Ну конечно, Нури мало, что после него в марсианских пустынях остались разноцветные и чересчур самостоятельные киберы, которых он десятками выпускал на волю. Ему, видите ли, не нравилась марсианская фауна, он дополнял ее. И шумно ликовал, когда новички-стажеры принимали эти прыгающие, похожие на сказочных чертиков, покрытые чешуей фотоэлементов автоматы за живых обитателей Марса. Сейчас он, наверное, ищет повод учинить нечто подобное на Земле.
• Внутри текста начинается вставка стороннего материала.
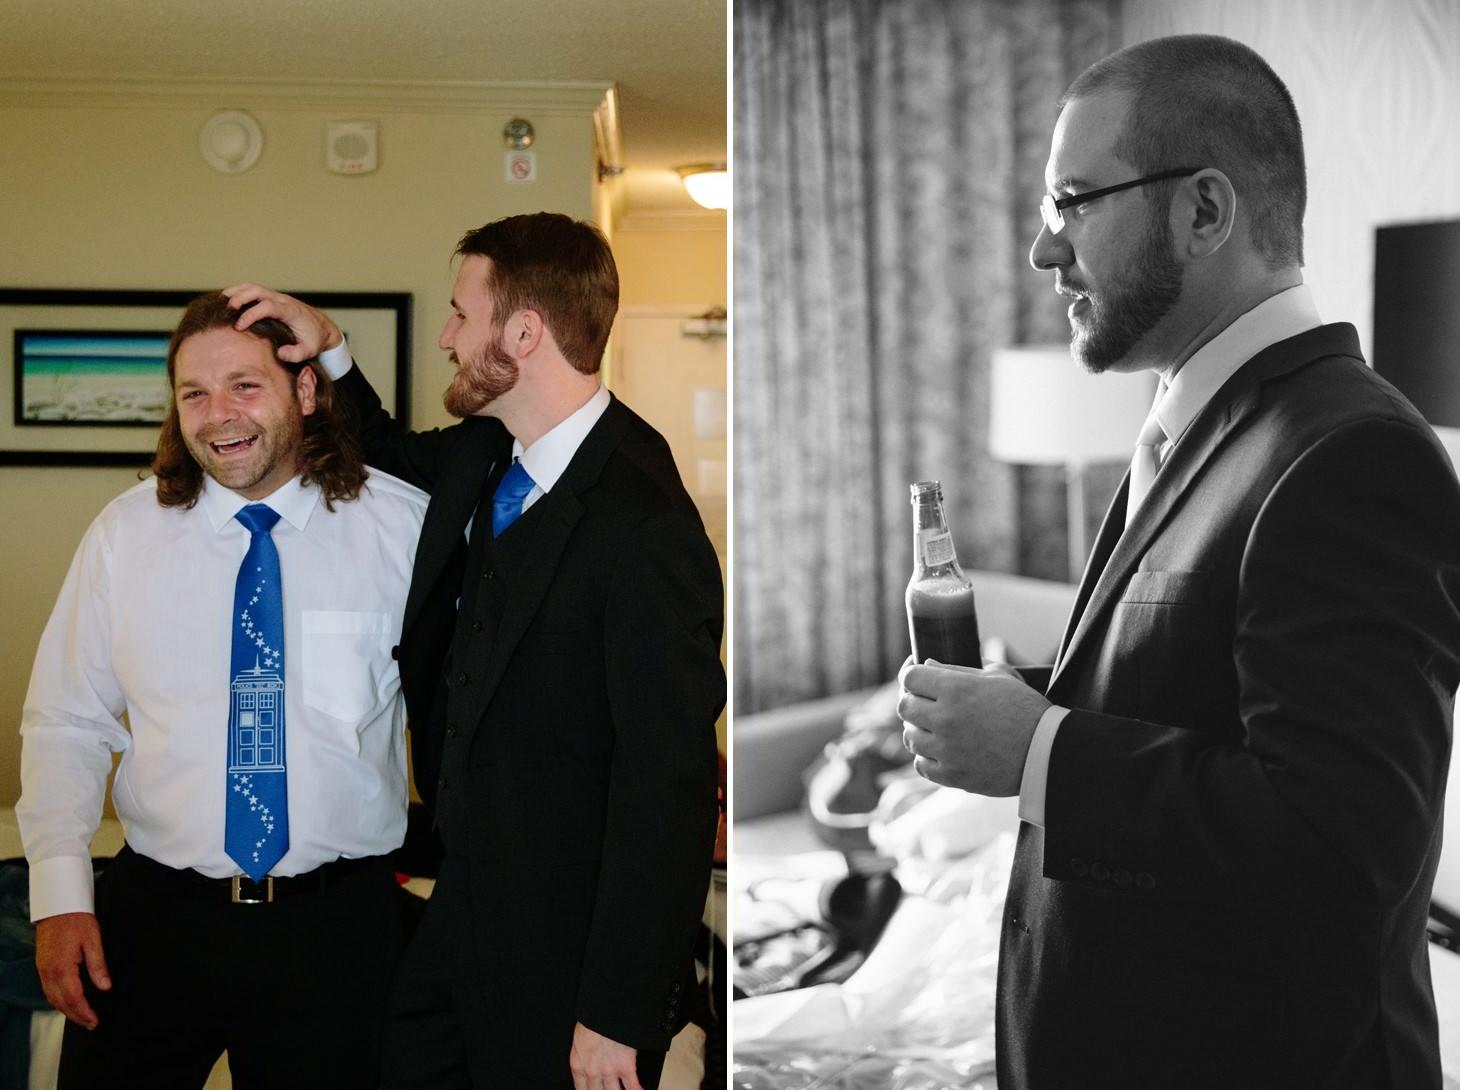 011-nyc-wedding-photographer-nj-nerdy-dr-who-firehouse-wedding-smitten-chickens.jpg

Олле, как и Нури, вырос на Марсе в небольшом поселке одной из десятка постоянно действующих научных станций. Землю он знал по книгам, фильмам да рассказам родителей. Тем более досадно третий месяц торчать в этом городке, отбывая карантин. Хорошо хоть дед набрался мужества, прервал исследования и приехал с ними, а то можно бы помереть от безделья. Нури легче: кибернетику везде дело найдется, хотя бы подвешивать фонтаны. Кстати, сколько дед не был на Земле?.. Десять… нет, двенадцать лет.
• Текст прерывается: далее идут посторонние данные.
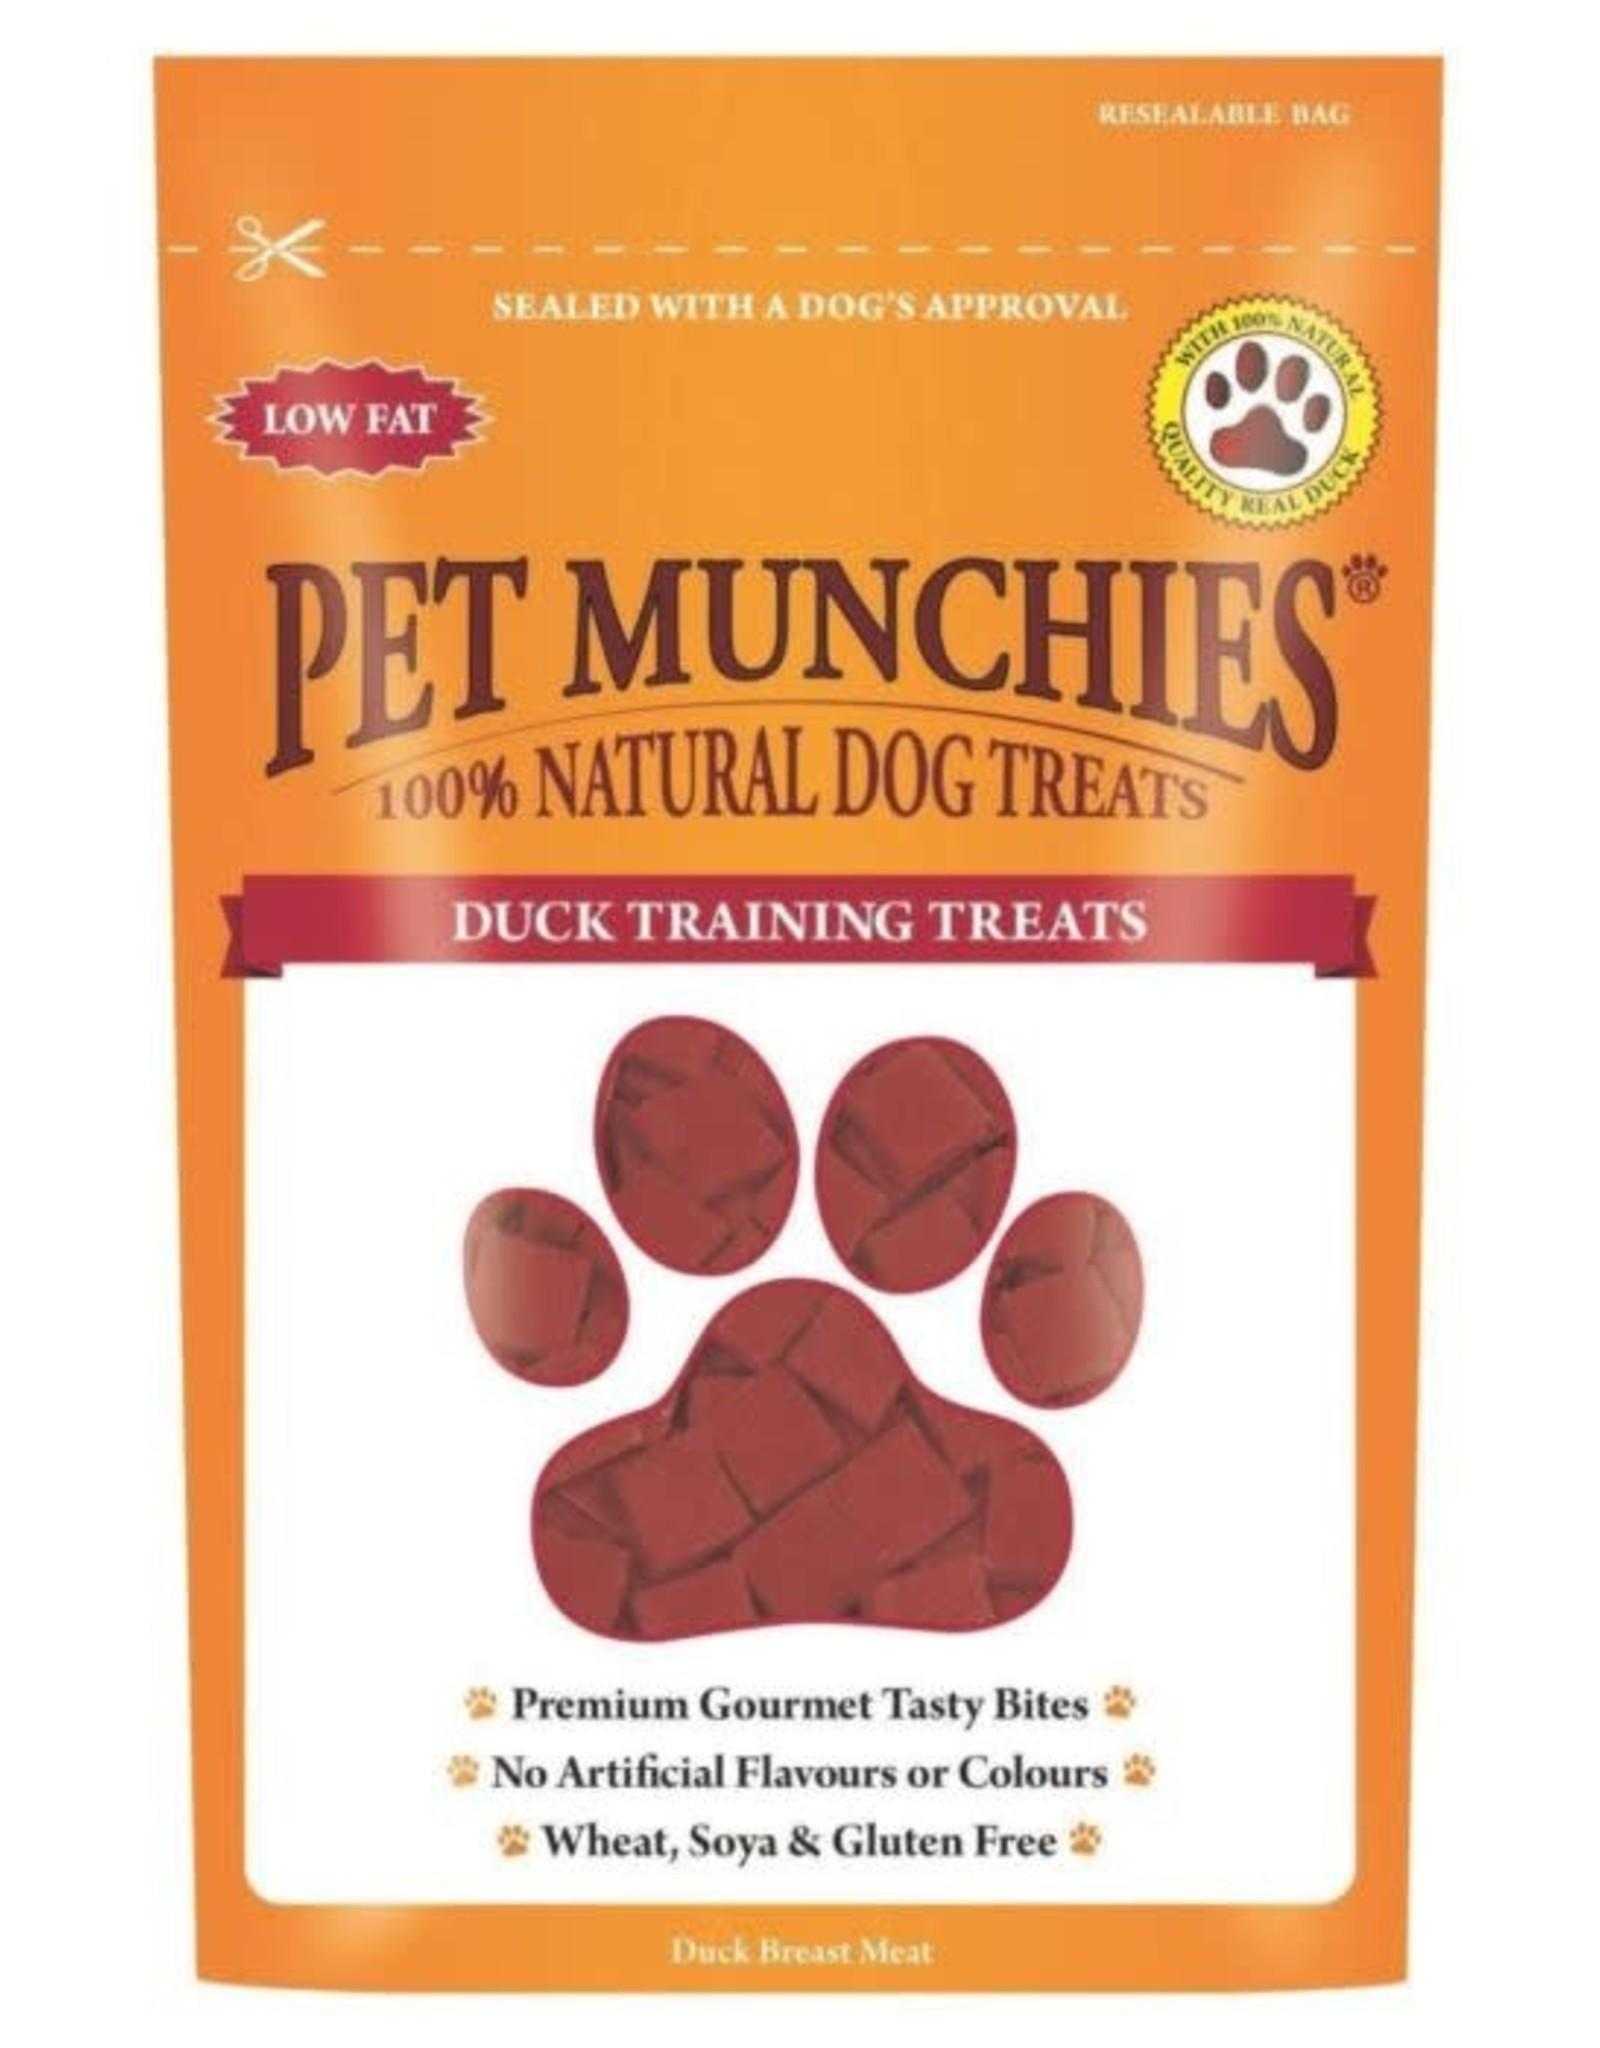 Pet Munchies Duck Training Treats 100% Natural Dog Treats, 50g

— Вряд ли. — Олле проследил, как маленький виброход пересек площадь, пробежал по проспекту и скрылся в оранжевых песках, окружающих город: почти марсианский вид. — Твой кибер только дополнит пейзаж, но он останется сам по себе. Без той внутренней, или на твоем языке, обратной связи с природой, которая отличает дельфина от торпеды и стрекозу от вертолета. Изыми его, и ничто не переменится.

— Какая разница. — Темпераментный Нури забегал по комнате. — Я говорю не о том, уживется ли природа с машиной. Я говорю, что твои ощущения не изменятся, будет ли в лесу кибер-волк или волк настоящий. Тебе будет одинаково страшно.

Сатон, полулежа в кресле, молча следил за ходом спора. Сейчас он неожиданно рассмеялся. Нури замер на повороте:

— Не понял…

— Прости, Нури. Я представил, как малютка Олле пугается волка в лесу, и мне стало весело. — Сатон оглядел двухметровую фигуру Олле, бугры мышц на плечах.

Нури улыбнулся:

— Пожалуй, волк испугается Олле.

— Да и спор ваш не из тех, которые рождают истину. Послушайте лучше новости. Там есть для вас неожиданность. — Сатон щелкнул тумблером информатора. Чуть приглушенный голос произнес: «Совет Земли за исследование дискретных психических реакций присудил руководителю третьей марсианской научной станции доктору Сатону высшую премию: право выбора желания…»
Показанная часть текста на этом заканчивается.